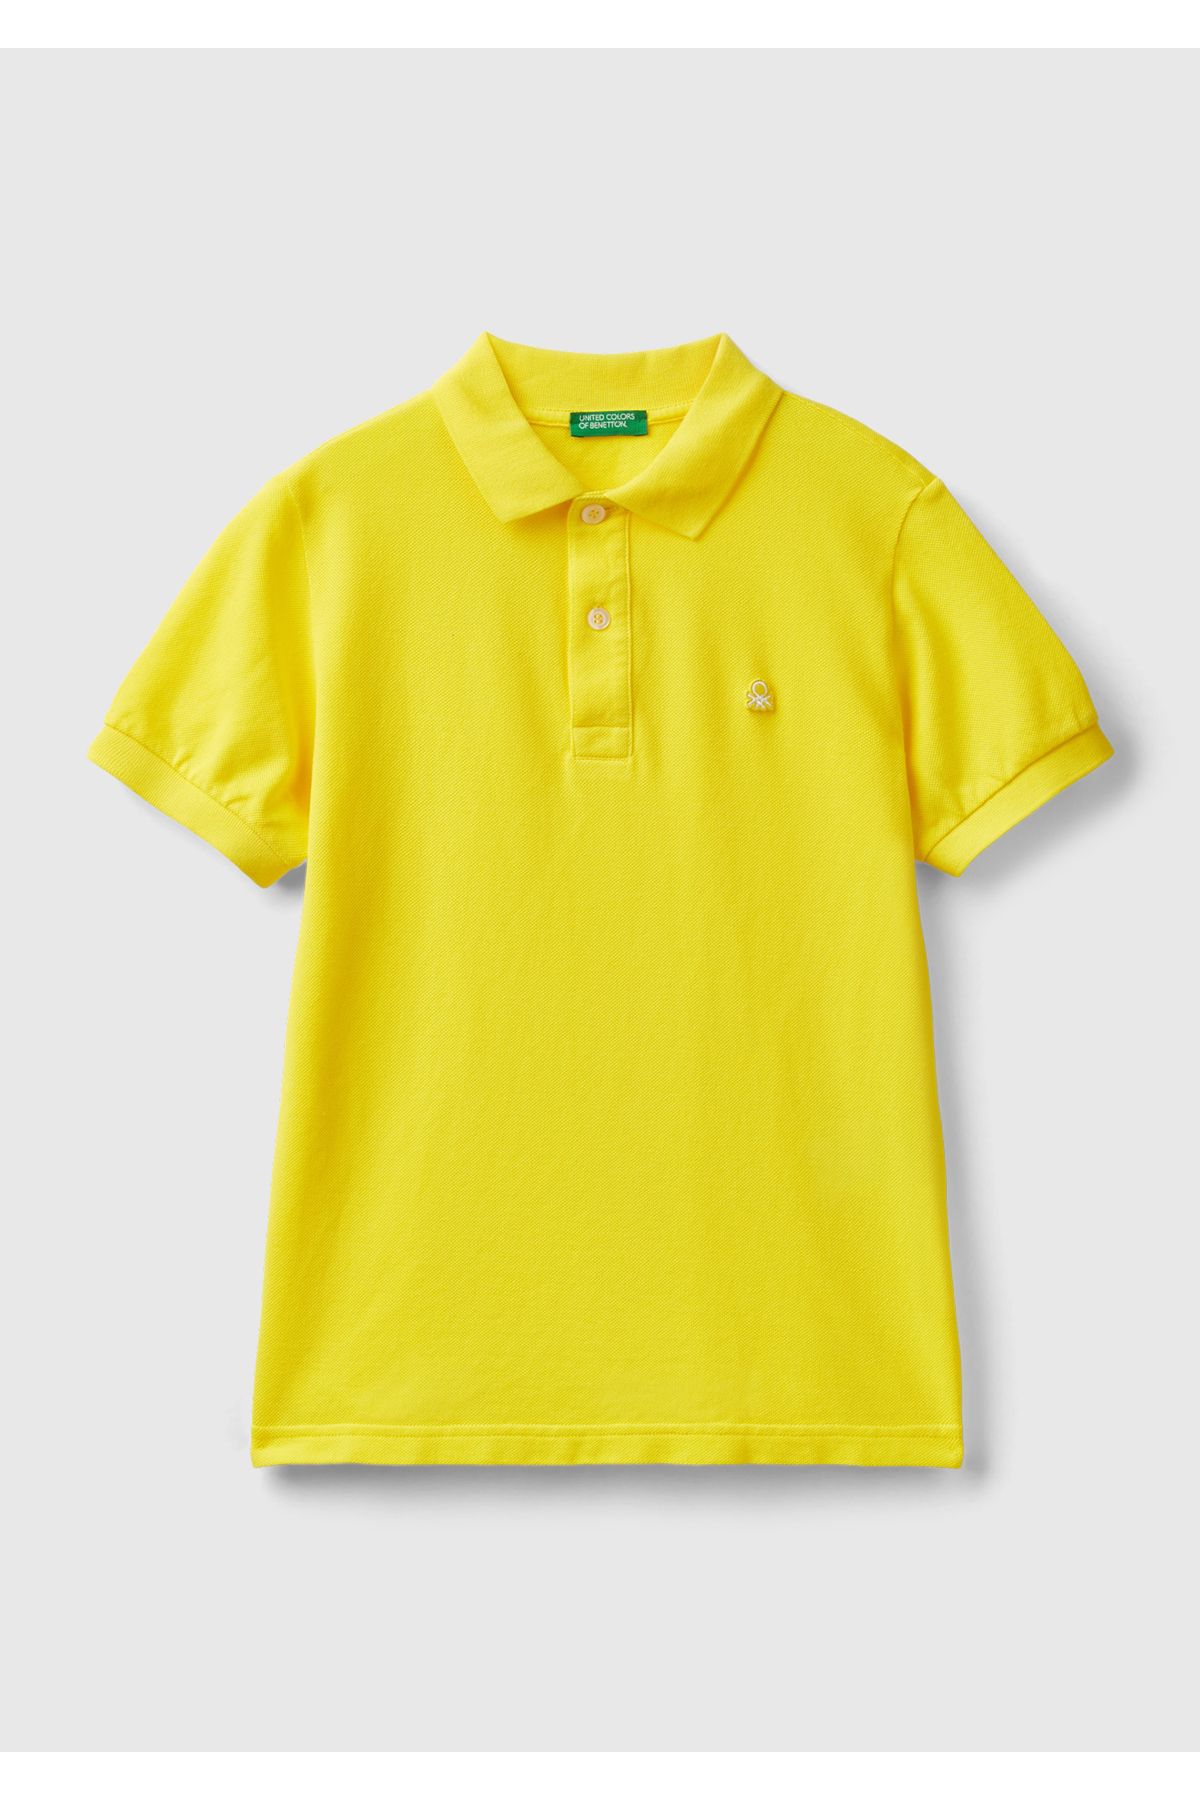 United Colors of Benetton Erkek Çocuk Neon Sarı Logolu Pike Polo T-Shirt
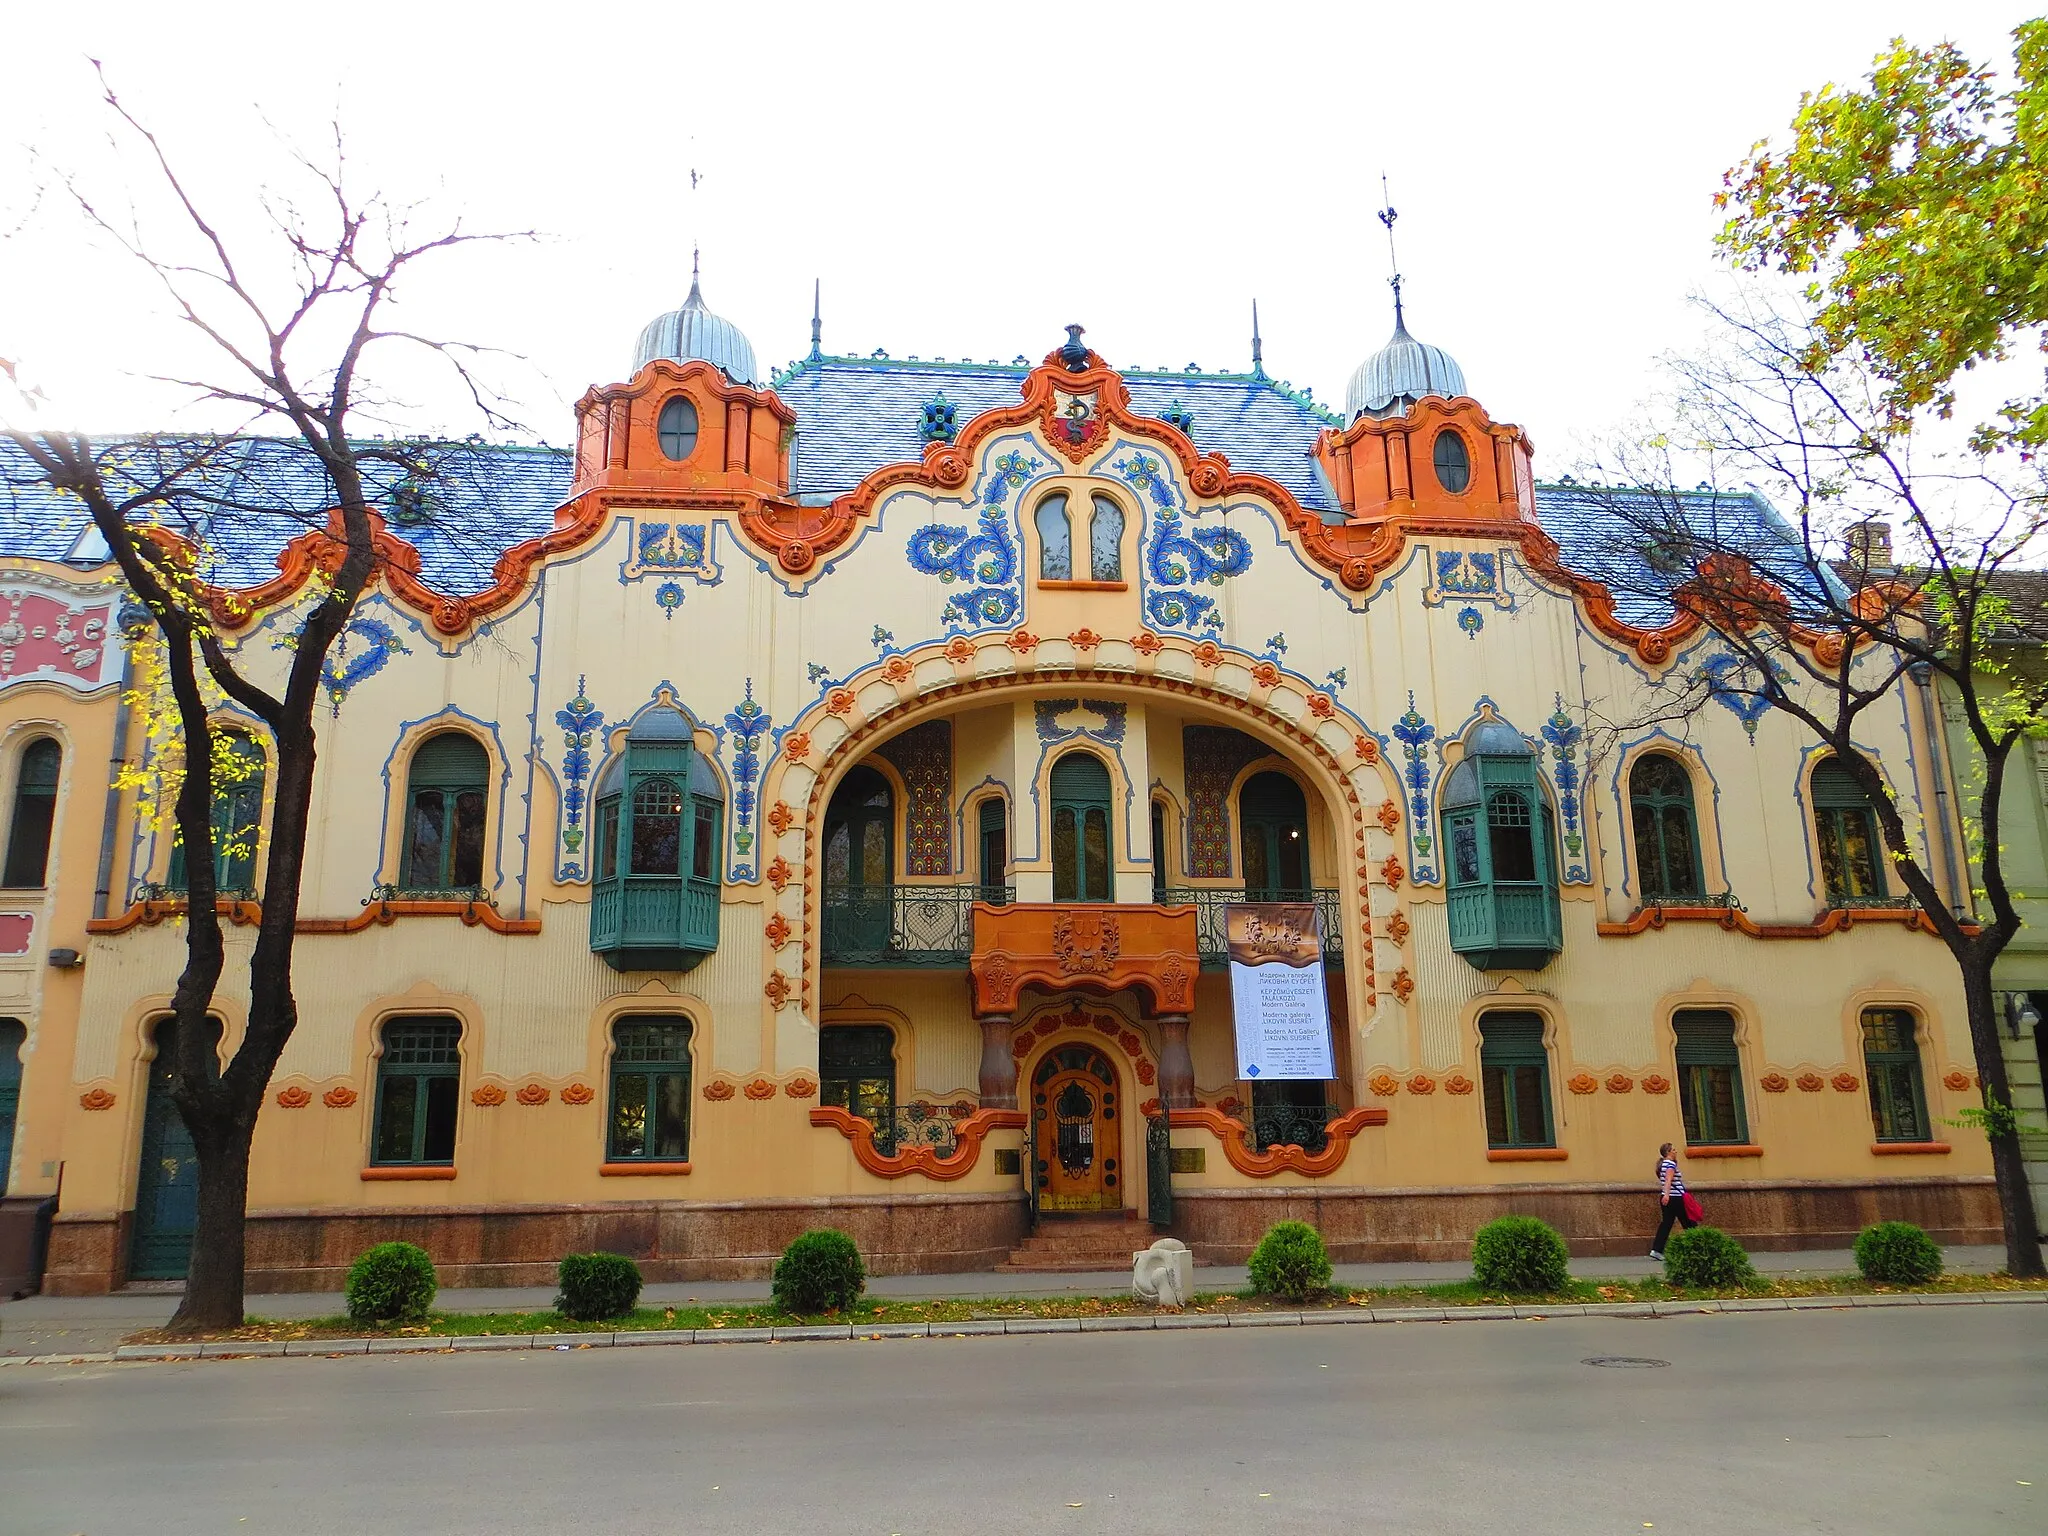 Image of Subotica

- - -

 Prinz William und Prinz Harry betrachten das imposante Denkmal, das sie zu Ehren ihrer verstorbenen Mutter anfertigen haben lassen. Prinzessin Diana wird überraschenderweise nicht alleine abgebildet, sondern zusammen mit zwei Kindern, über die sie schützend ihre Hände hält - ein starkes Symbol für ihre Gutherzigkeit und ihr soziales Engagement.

- - -

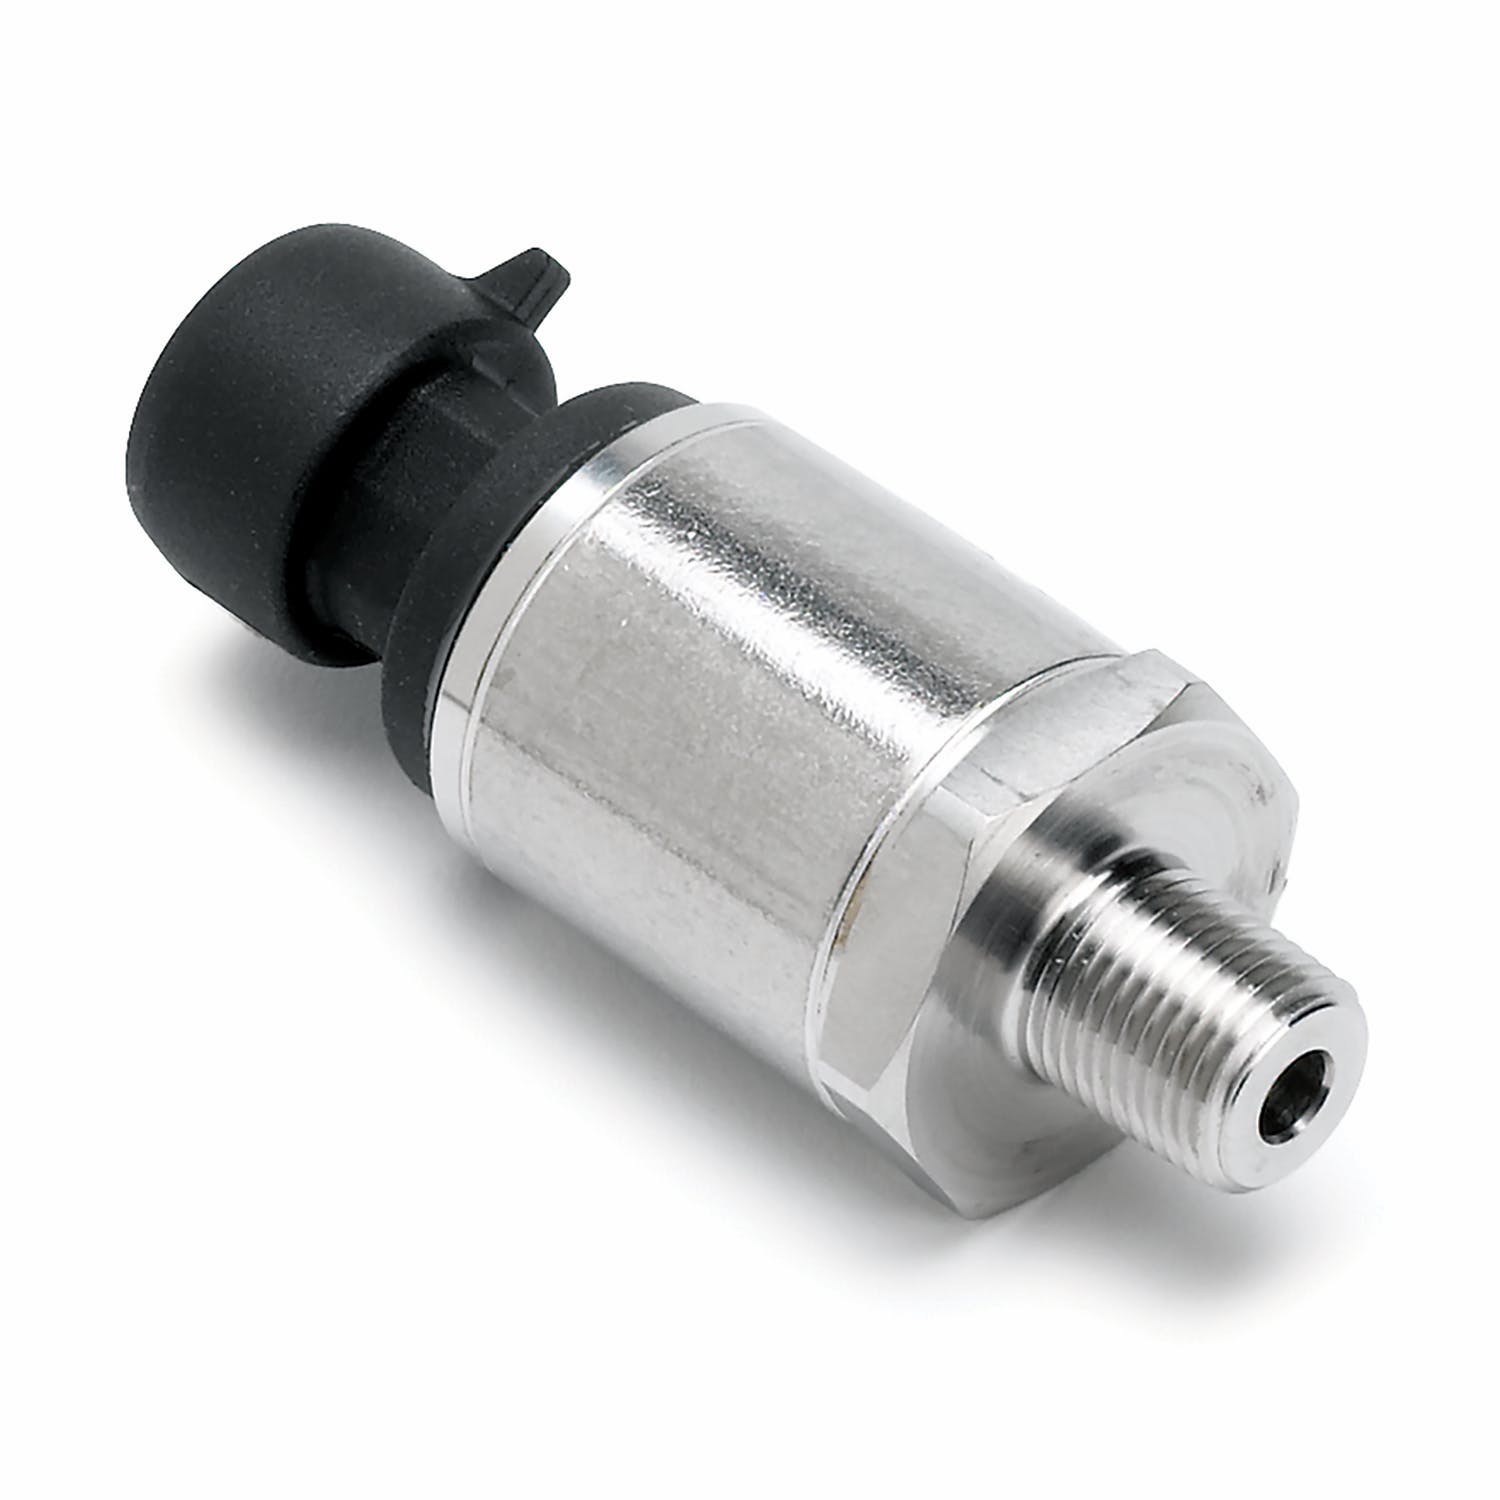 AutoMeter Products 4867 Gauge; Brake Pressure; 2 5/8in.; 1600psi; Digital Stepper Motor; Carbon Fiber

- - -

Task goal >> Reproduce the lines above starting at the one with "United Colors of" and ending at the one with "Image of Subotica", both included, exactly and with no pictures.

Solved problem >>
 United Colors of Benetton Erkek Çocuk Neon Sarı Logolu Pike Polo T-Shirt
 Image of Subotica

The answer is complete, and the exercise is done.